Oliver Alexander, pewaris tunggal keluarga kaya raya, hidupnya penuh dengan pesta, wanita, dan gemerlap dunia malam. Baginya, cinta hanyalah permainan, dan wanita hanyalah koleksi yang berganti setiap saat. Namun, gaya hidupnya yang semakin tak terkendali membuat sang ayah geram.
Sebagai hukuman sekaligus peringatan, Oliver dipaksa turun tangan mengurus salah satu pabrik keluarga di desa terpencil. Awalnya ia menolak, tapi ancaman kehilangan segalanya membuatnya tak punya pilihan.
Di sanalah ia bertemu Laras Maya, gadis desa sederhana yang polos, lugu, bahkan terlihat norak di matanya. Dunia mereka begitu berbeda, bagaikan langit dan bumi. Tapi semakin lama, Oliver justru menemukan sesuatu yang tak pernah ia rasakan dari wanita-wanita cantik di kota, yaitu ketulusan.
Laras yang apa adanya perlahan meruntuhkan tembok arogan Oliver. Dari sekadar kewajiban, hari-harinya di desa berubah menjadi perjalanan menemukan arti cinta dan hidup yang sesungguhnya.
Karya ini diterbitkan atas izin NovelToon Demar, isi konten hanyalah pandangan pribadi pembuatnya, tidak mewakili NovelToon sendiri
Khawatir tapi Gengsi
Laras mengerjap pelan.
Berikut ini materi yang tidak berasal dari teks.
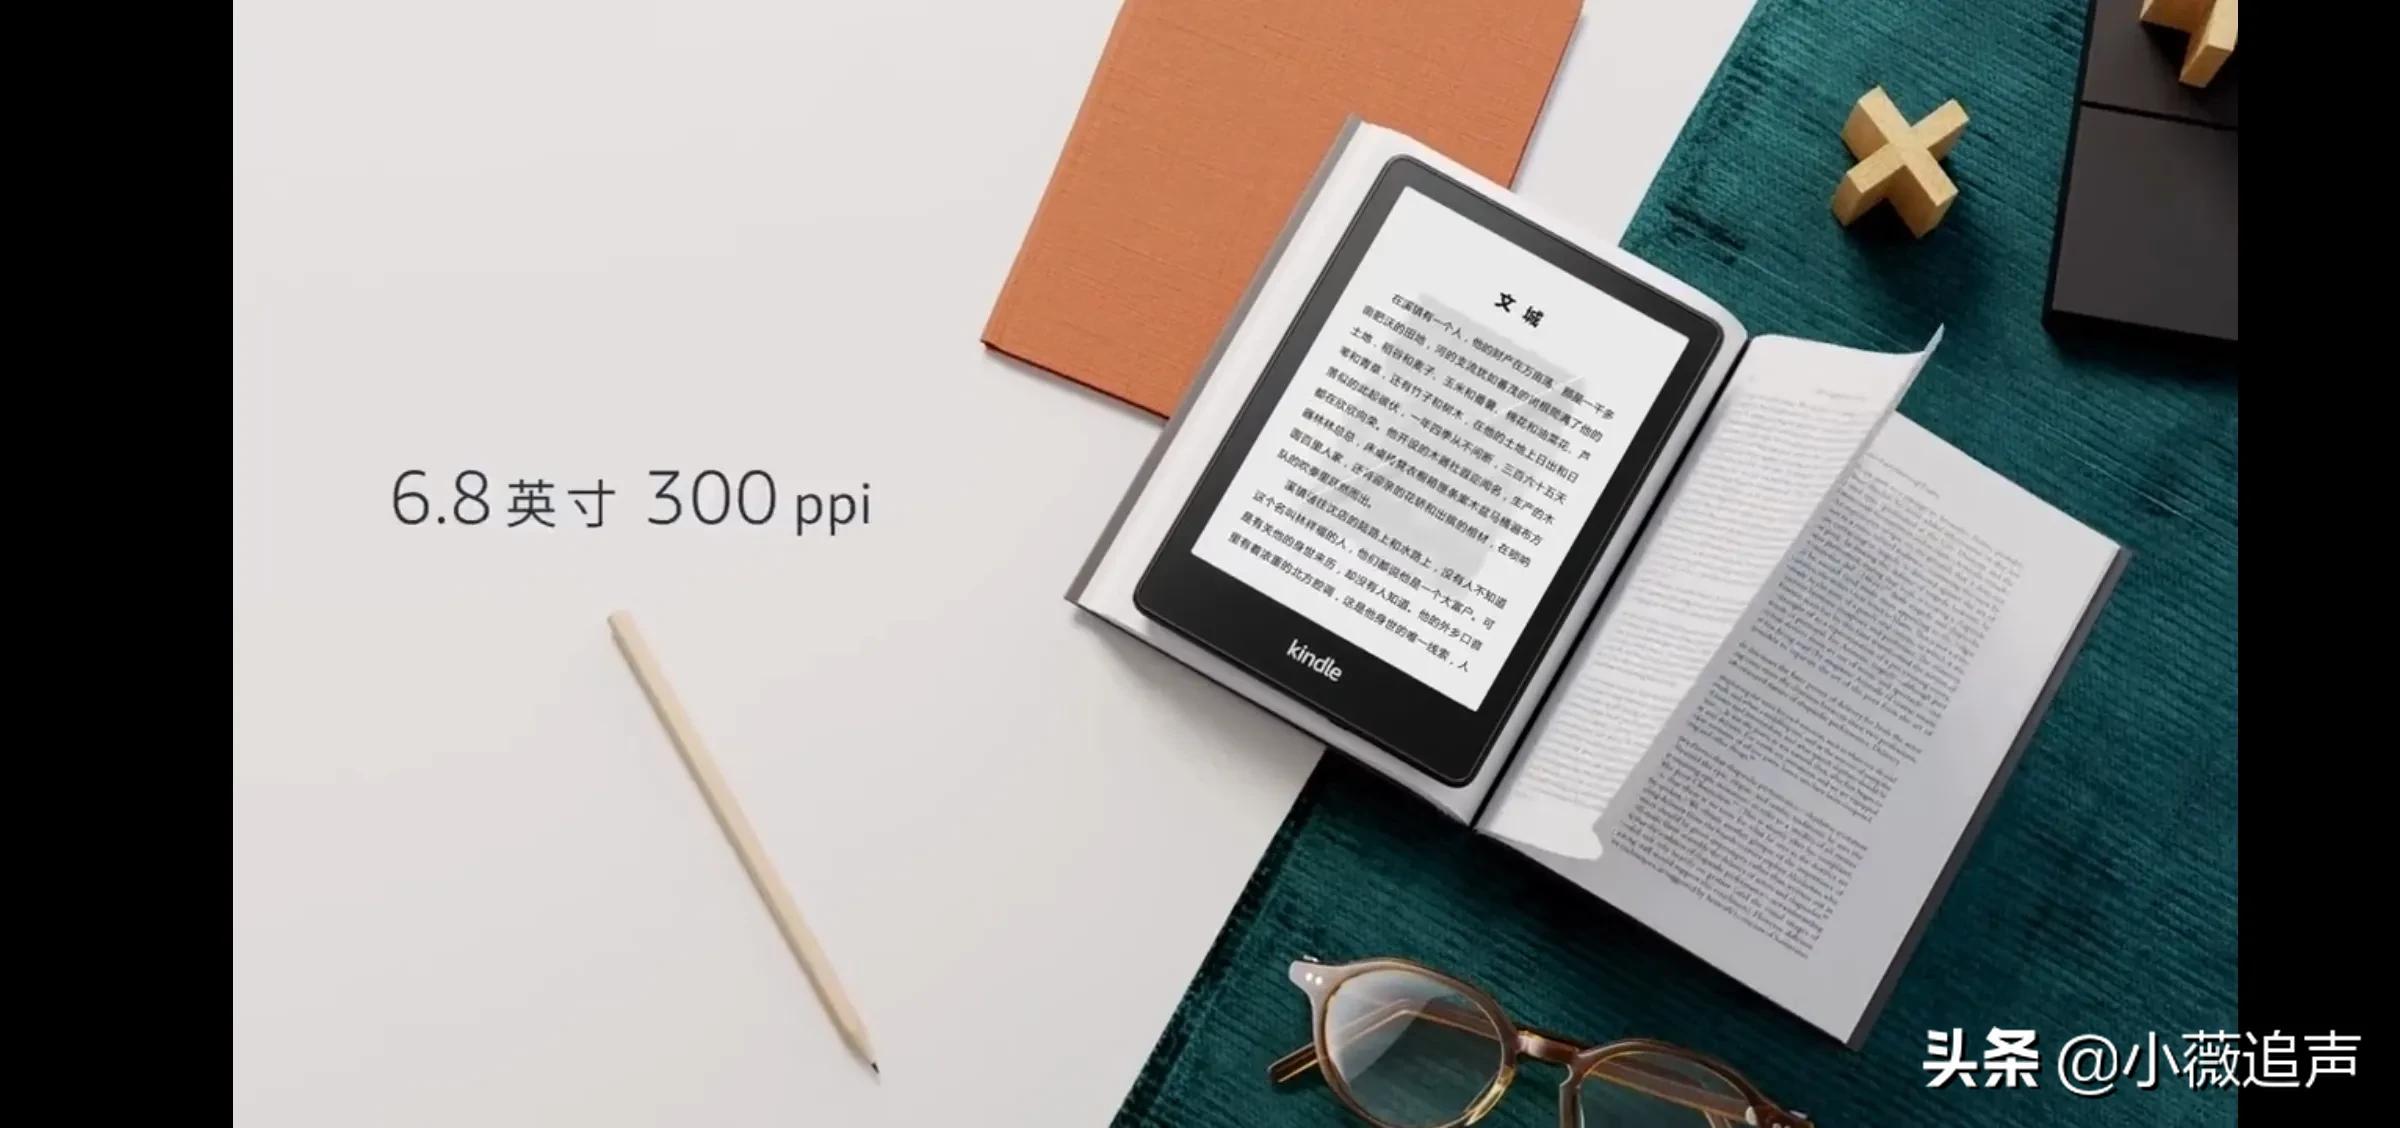 第五代 Kindle Paperwhite 发布了

Sinar lampu ruangan menusuk matanya yang masih berat. Tubuhnya lemah, kepala berdenyut, tapi kesadarannya sudah mulai kembali. Ia terlonjak kecil ketika menyadari dirinya berbaring di sofa panjang di ruangan mewah yang sangat asing baginya. Perlahan ia menegakkan tubuh, lalu baru menyadari Oliver duduk di kursi seberang, menyilangkan kaki sambil memandanginya tanpa ekspresi jelas.
“Sudah bangun?” suara Oliver datar, tapi ada nada tegas yang membuat jantung Laras berdebar lebih cepat.
Laras menelan ludah. Perasaan malu, takut, dan bingung bercampur jadi satu. Ia buru-buru merapikan selendang tipis di bahunya, lalu mencoba bangkit. “Maaf, Pak… saya seharusnya tidak merepotkan. Saya… saya bisa pulang sekarang,” ucapnya lirih, mencoba berdiri meski tubuhnya masih limbung.
Oliver langsung berdiri, langkah panjangnya mendekat. “Kau tidak akan pulang sendiri dalam keadaan begini. Aku yang akan mengantar.”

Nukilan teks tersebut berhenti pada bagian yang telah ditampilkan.